Cao J, Xu W, Du Z, Sun B, Li F, Liu Y. Pathologic Progression, Possible Origin, and Management of Multiple Primary Intracranial Neuroendocrine Carcinomas.
World Neurosurg 2017;
106:1054.e13-1054.e17. [PMID:
28736348 DOI:
10.1016/j.wneu.2017.07.053]
[Citation(s) in RCA: 3] [Impact Index Per Article: 0.4] [Reference Citation Analysis] [Abstract] [Key Words] [Track Full Text] [Journal Information] [Subscribe] [Scholar Register] [Received: 02/12/2017] [Revised: 07/08/2017] [Accepted: 07/11/2017] [Indexed: 10/19/2022]
Abstract
BACKGROUND
Primary intracranial neuroendocrine carcinomas (NECs) are extremely rare malignant tumors with no previous reports of multiple ones in the literatures.
CASE DESCRIPTION
The clinical presentation, preoperative and reexamined magnetic resonance imaging findings, as well as histopathologic studies of a 56-year-old female subject with multiple intracranial NECs mimicking multiple intracranial meningiomas, who underwent 3 operations with left parietal craniotomy, right occipital parietal craniotomy, and left frontal craniotomy, separately and chronologically, are presented in this article. Noteworthy, the first and second tumors were confirmed as NECs exhibiting histologic characteristics of typical anaplastic meningiomas with features of whorl formation, while the third tumor was a typical NEC with features of organoid cancer nests.
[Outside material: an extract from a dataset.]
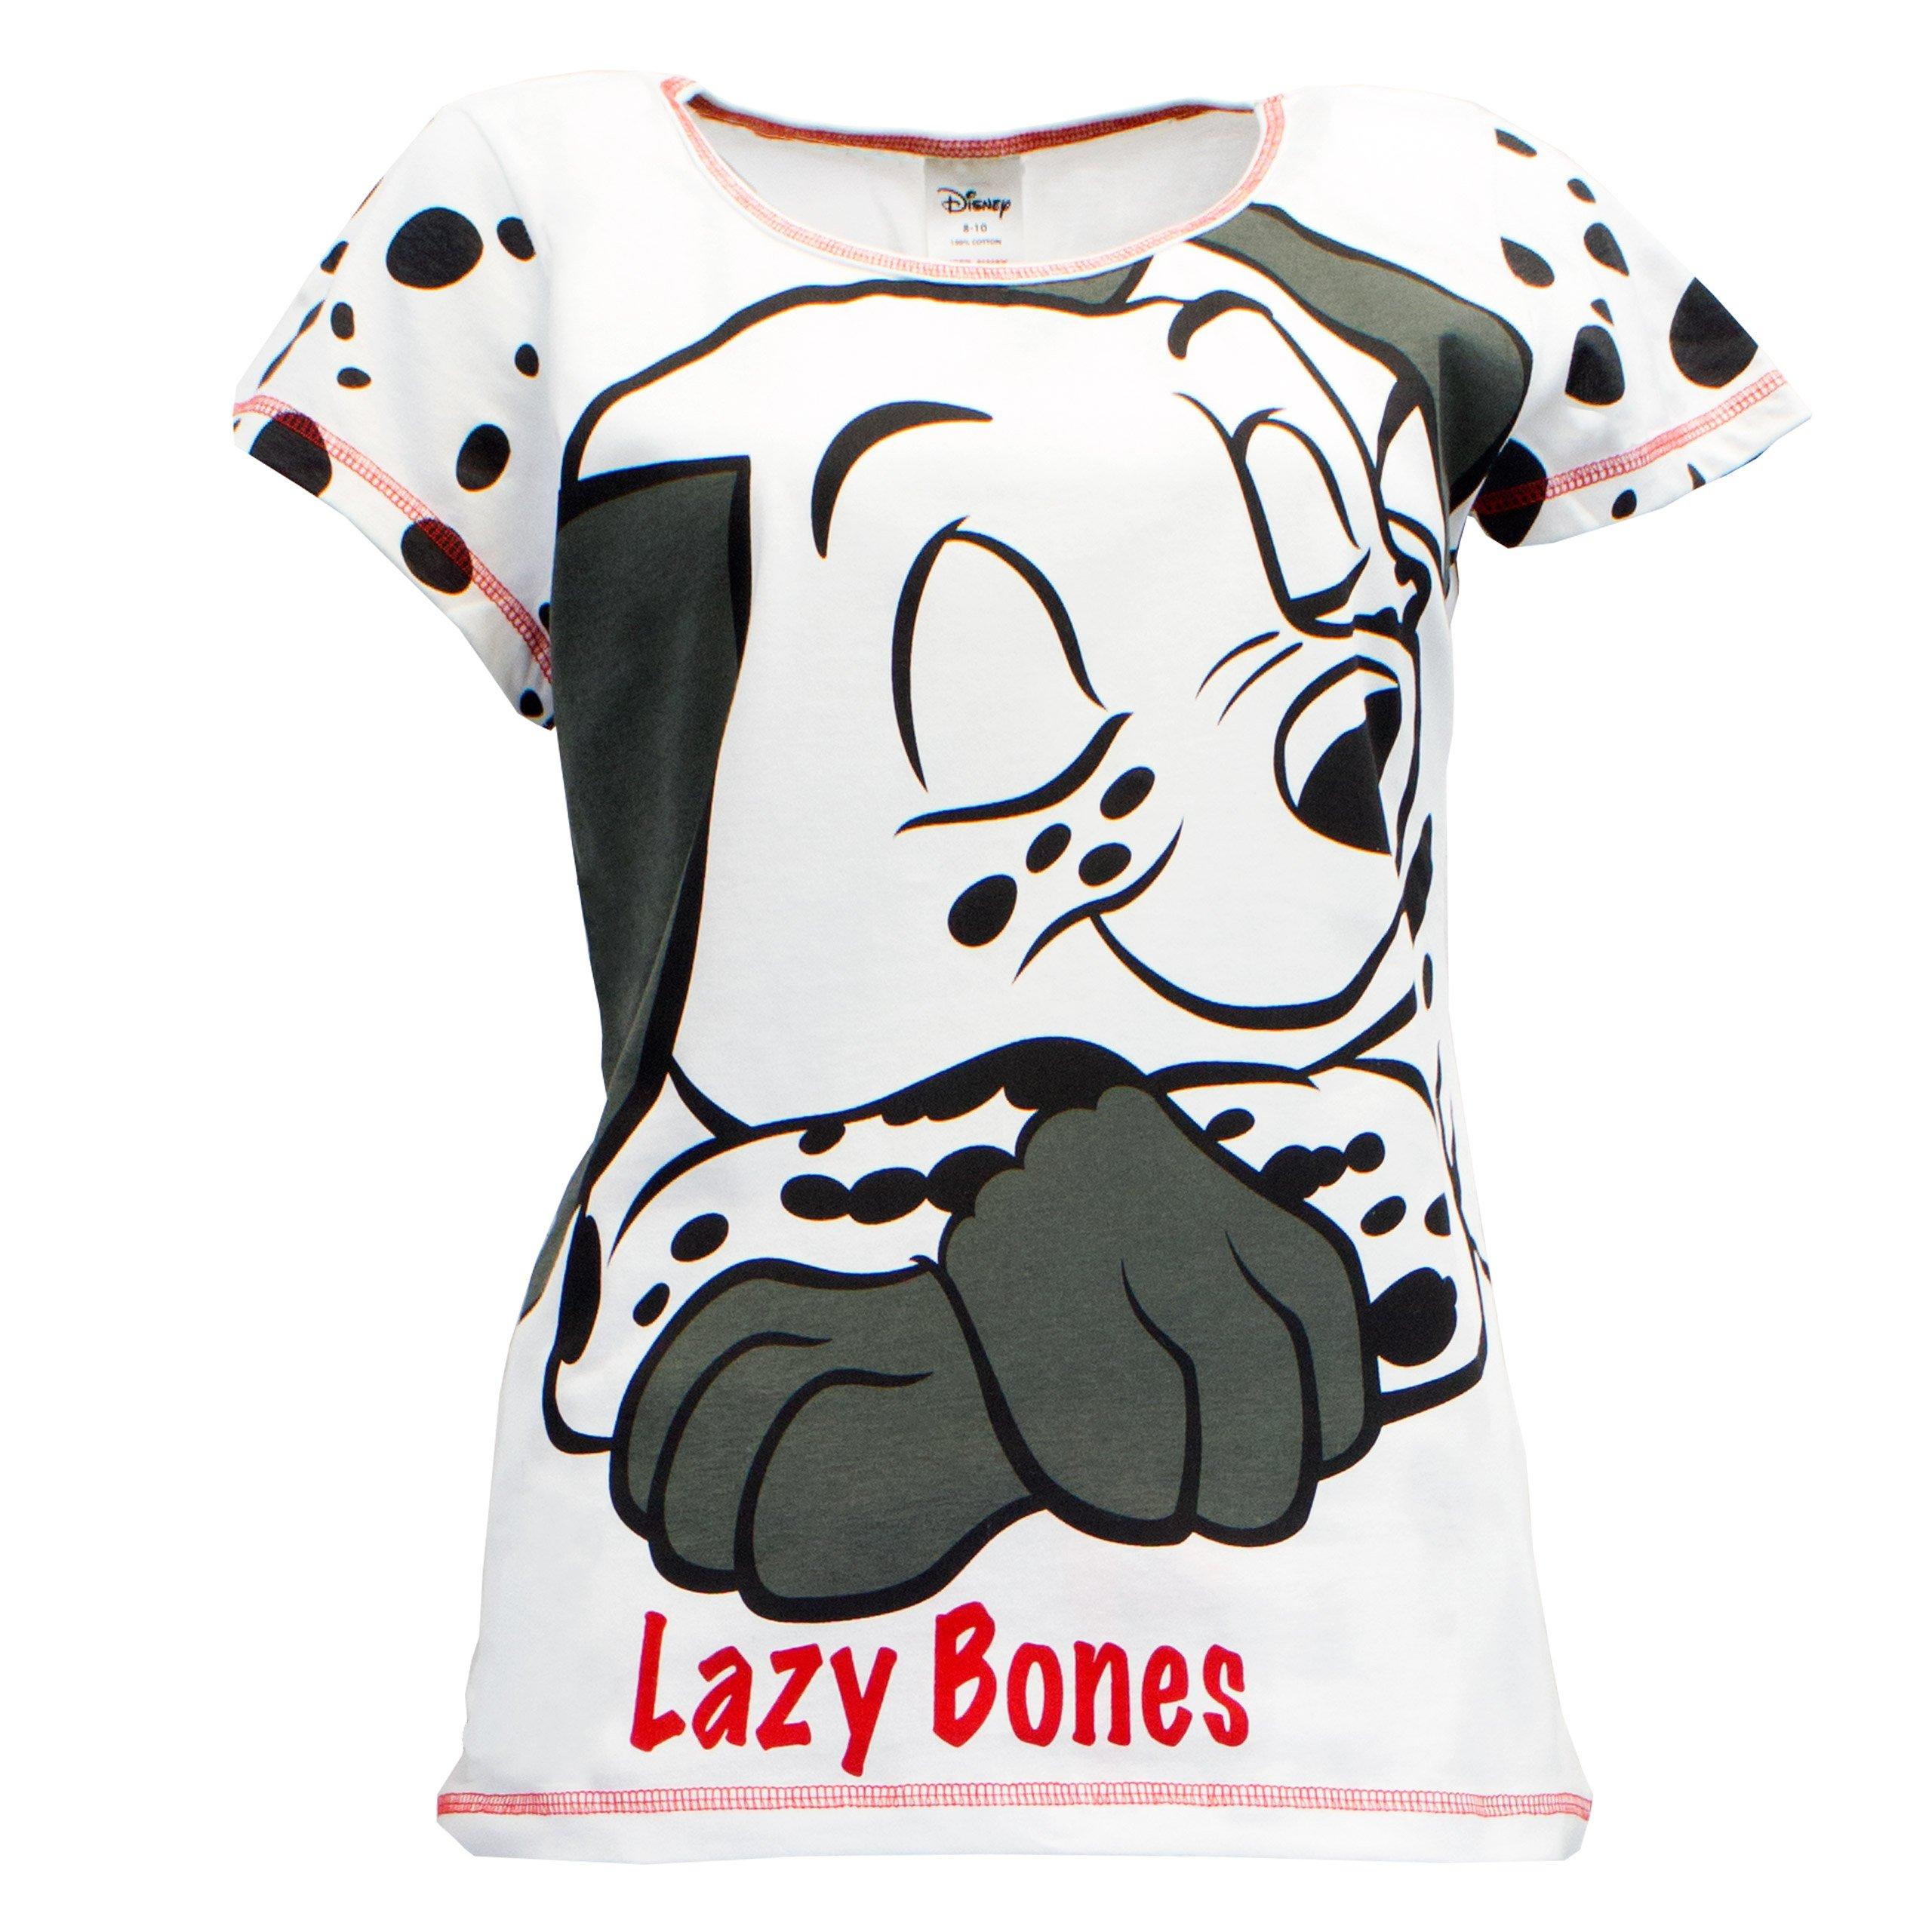 101 Dalmatians Womens' Disney 101 Dalmatians Pajamas White Size Small by Disney (Image #2)

In other words, the first 2 lesions were diagnosed as meningioma as opposed to NEC. It was only after the third surgery that the pathology for the first 2 cases was reviewed and had a revised diagnosis. After the third surgical resection, the patient further received whole brain radiotherapy and systemic chemotherapy (temozolomide combined with YH-16). At her 10-month follow-up, the patient achieved a good outcome.
CONCLUSIONS
Multiple primary intracranial NECs are extremely rare. The tumor might be of arachnoidal or leptomeningeal origin, with histologic patterns that might lead to transformation and/or progression. Maximal surgical resection is warranted for symptomatic mass effect. Postoperative adjuvant treatments including radiotherapy and chemotherapy should be a recommended therapeutic modality.